News Release

USTC discovers long-range skin josephson supercurrent across a Van Der Waals ferromagnet

Peer-Reviewed Publication

University of Science and Technology of China

Long-range skin Josephson supercurrent across a van der Waals ferromagnet

image: Skin feature of S/F/S Josephson junction supercurrent density. view more 

Credit: Image by HU Guojing et al.

In a recent study published in Nature Communications, researchers discovered the long-range skin Josephson supercurrent across a van der Waals ferromagnet. The study was achieved by a research group led by Prof. XIANG Bin from Hefei National Laboratory for Physical Sciences at the Microscale, in collaboration with Associate Prof. WANG Zhi from Sun Yat-sen University (SYSU). They bridged two spin-singlet superconductors NbSe2 (S) by constructing the van der Waals ferromagnet metal Fe3GeTe2 (F), and observed long-range supercurrent in the lateral Josephson junction (S/F/S) for the first time. The long-range supercurrent exhibits astonishing skin characteristics.
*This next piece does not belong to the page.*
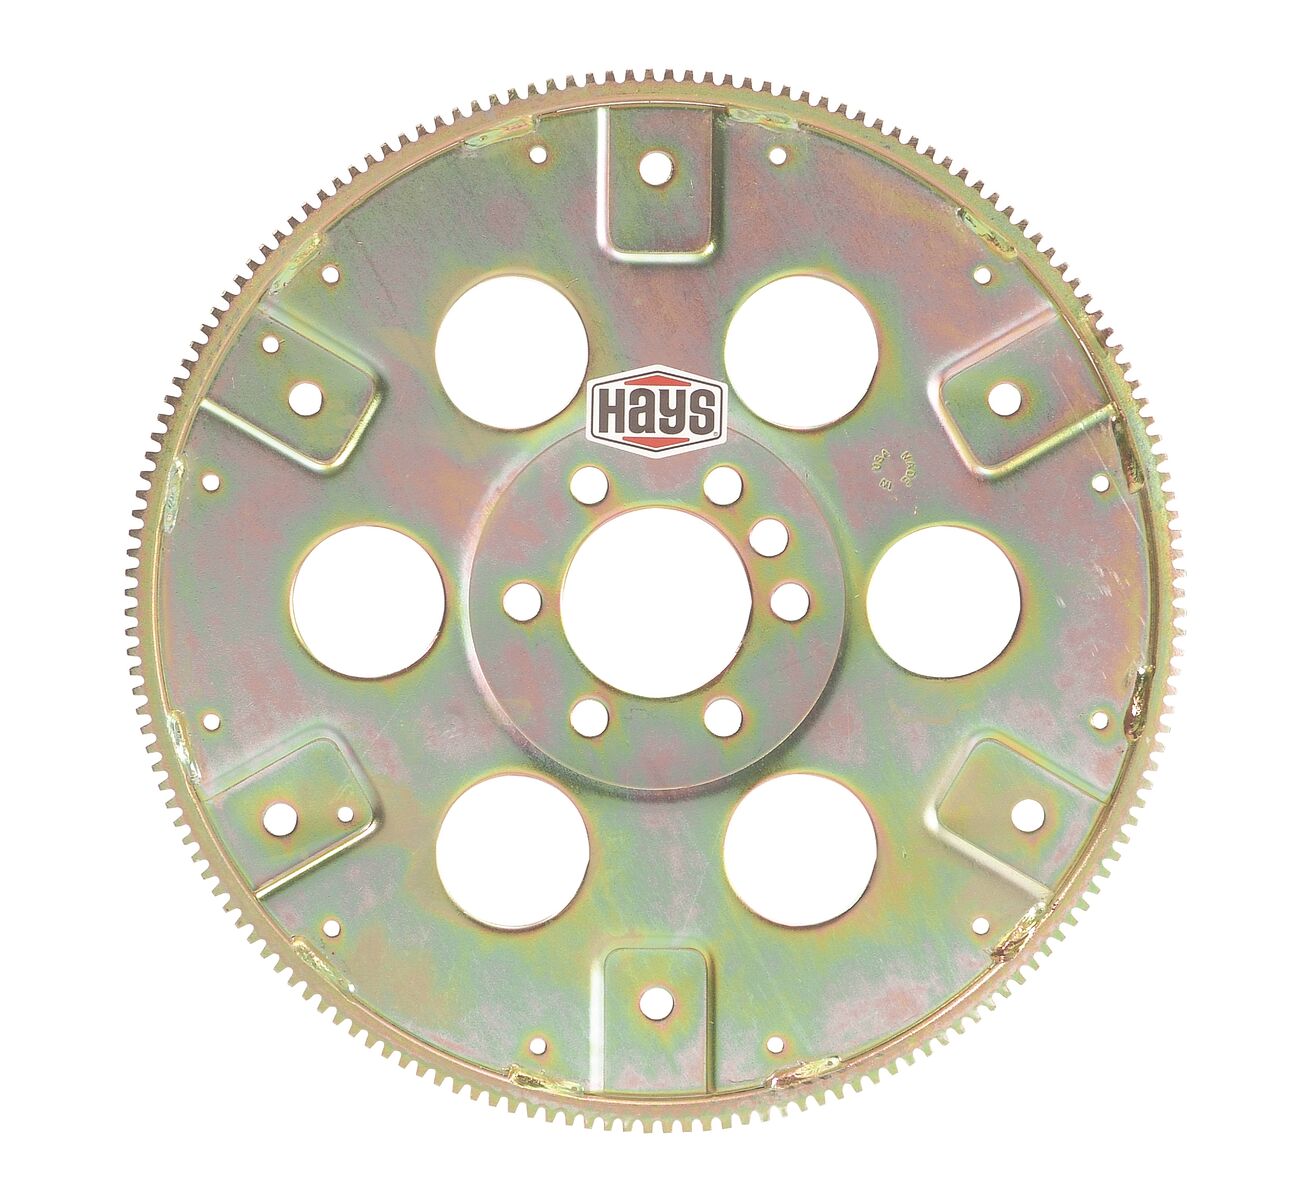 PRW 168-Teeth Internal Balance SFI-Rated Chrome-Moly Steel Flexplate with 6-Bolt Convertor 4L80E/4L-85 for Chevy Vortec 8100 1849600

Ferromagnetism and superconductivity are two antagonistic macroscopic orderings. When the singlet supercurrent enters the ferromagnet, rapid decoherence of the Cooper pairs will be triggered. However, spin-triplet supercurrents induced in the vicinity of superconductor/ferromagnet interfaces enable transport without energy dissipation over long distances in ferromagnets, which has been proved theoretically and experimentally in recent years. Therefore, it provides a more desirable method for constructing quantum devices without dissipation. Earlier research focused on the construction of superconducting Josephson junctions with coupled bulk ferromagnets, to achieve the observation of spin-triplet currents and the control of spin and charge degrees of freedom. However, there are few reports on the observation of spin-triplet supercurrents and related studies of interfacial properties based on heterojunctions of two-dimensional (2D) van der Waals (vdW) materials.
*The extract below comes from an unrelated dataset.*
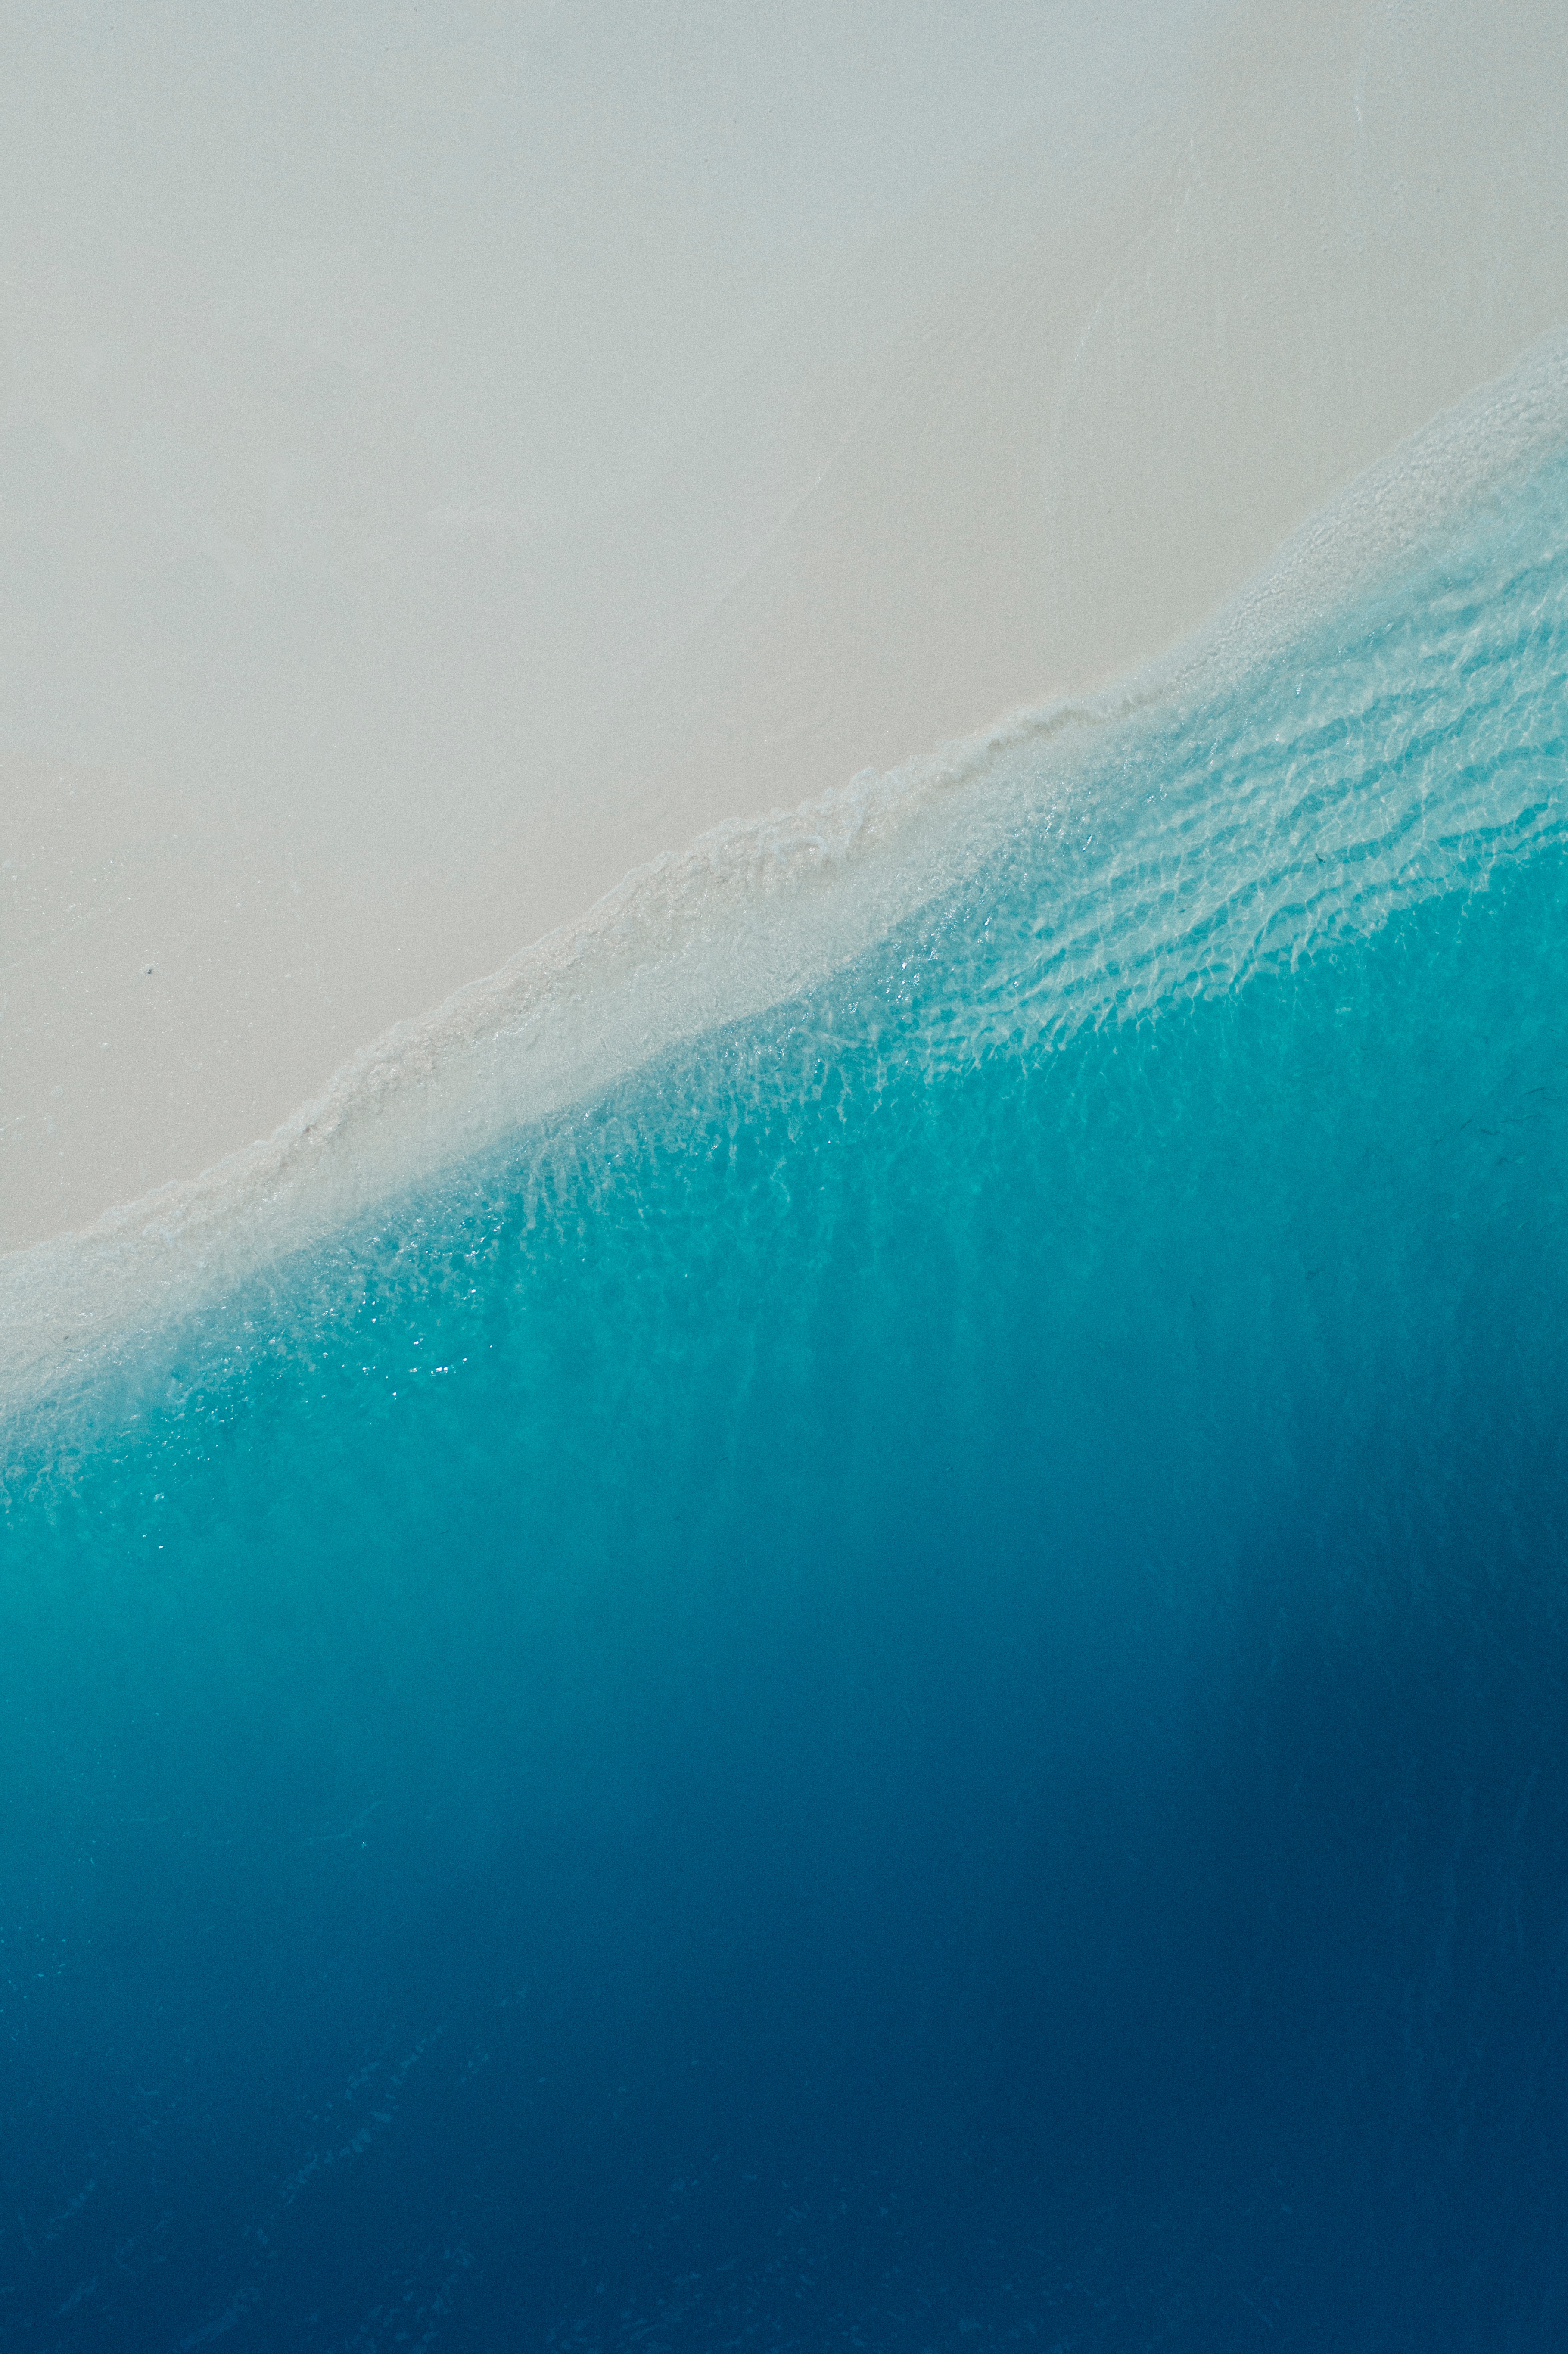 102126 download wallpaper nature, water, beach, view from above, ocean, surf screensavers and pictures for free

The research team constructed lateral vdW Josephson junctions of S/F/S by bridging two singlet vdW superconductors NbSe2 with vdW ferromagnet Fe3GeTe2 (F). The electrical properties of the S/F/S with different junction channel lengths have been studied by low-temperature electrical tests. The results showed a zero-resistance state of the S/F/S and also a long-range Josephson supercurrent (~ 300 nm). The zero-temperature superconducting critical current tends to decay with increasing channel length and disappears completely when the channel length increases to 450 nm.

More interestingly, the response of the long-range superconducting critical current to an external magnetic field perpendicular to the supercurrent channel presents a periodic oscillation pattern, which is similar to double-slit interference, rather than the conventional Fraunhofer periodic oscillation stripe. This result confirms the existence of a Josephson supercurrent with a long-range skin feature in S/F/S, that is distinctive from the Josephson superconducting current of conventional bulk channels.
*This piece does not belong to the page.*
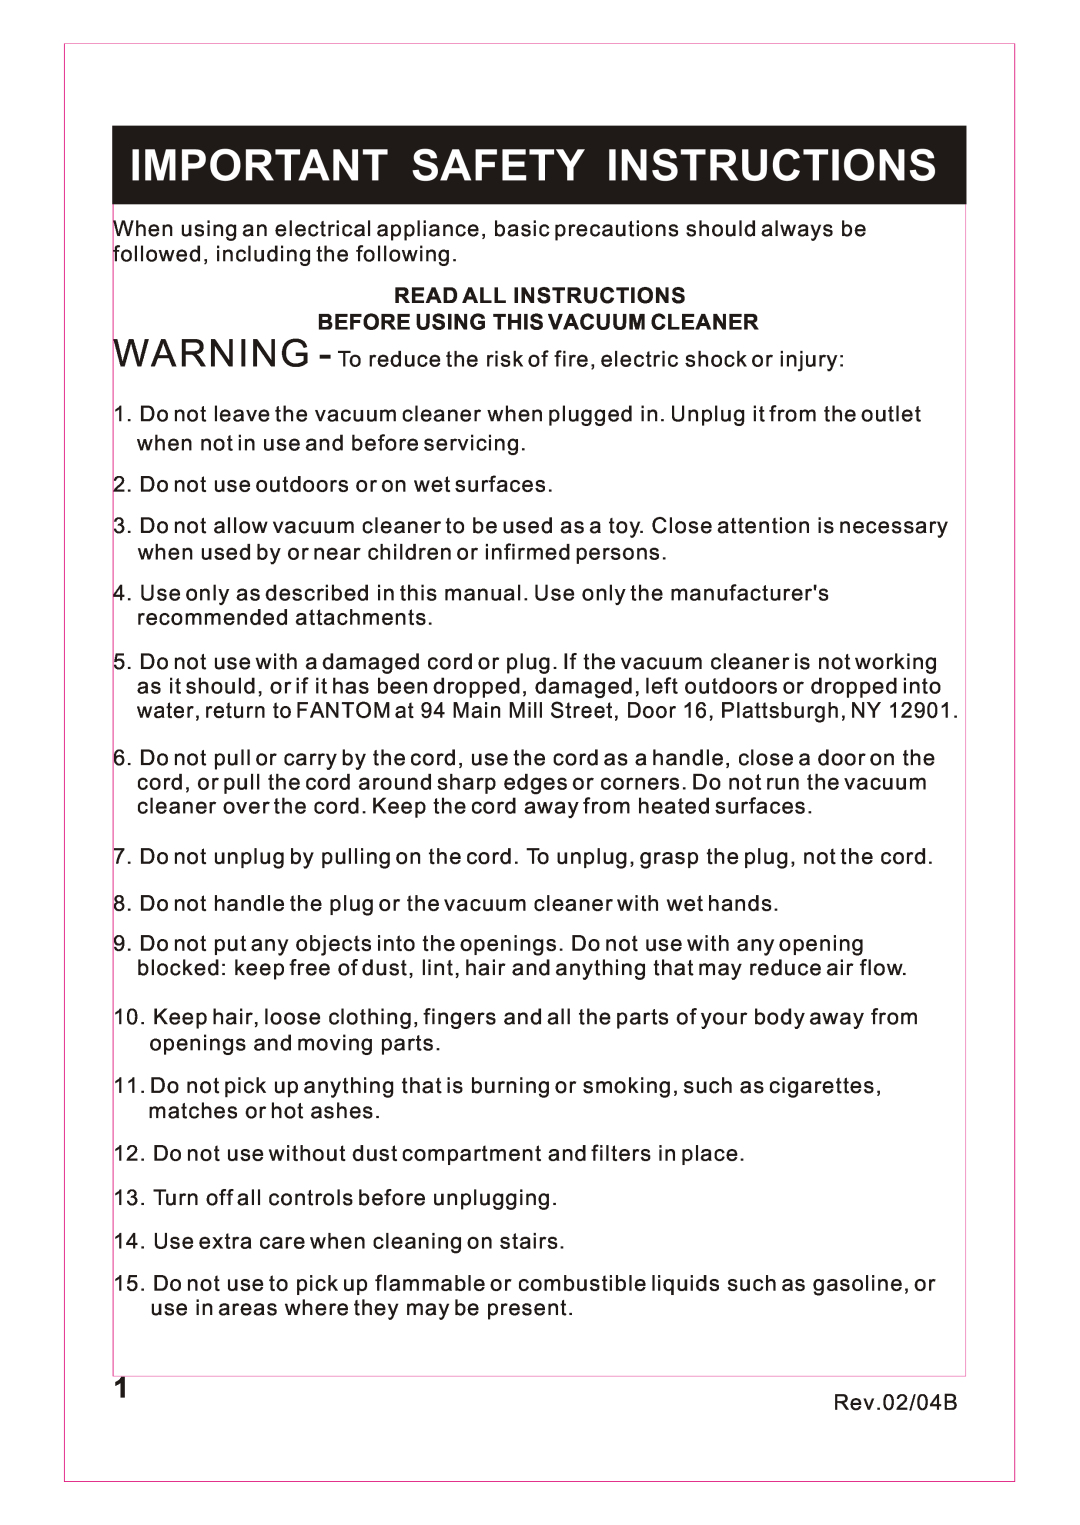 Fantom Vacuum FM743H Important Safety Instructions, Read All Instructions, Before Using This Vacuum Cleaner, 1Rev.02/04B

Then the research team proposed two possible mechanisms for the skin feature of the long-range supercurrent. First, the Rashba spin-orbit coupling induced by the mirror symmetry breaking on the Fe3GeTe2 surface, when interacting with ferromagnetism and the s-wave superconductivity of NbSe2, may lead to 2D topological superconductivity on the Fe3GeTe2 surface. Second, the magnetic inhomogeneity caused by the non-coplanar structure of Fe atoms in Fe3GeTe2 promotes the transformation of spin-singlet Cooper pairs into spin-triplet pairs at the surface through spin-rotation and spin-mixing, and then forms a long-range Josephson supercurrent.

The S/F/S design of the noncoplanar structure provides a new perspective to explore the interaction between ferromagnetism and superconductivity. The novel physical properties presented by this noncoplanar structure provide a platform for potential applications of new quantum functional devices in 2D superconducting spintronics and the realization of topological superconductivity.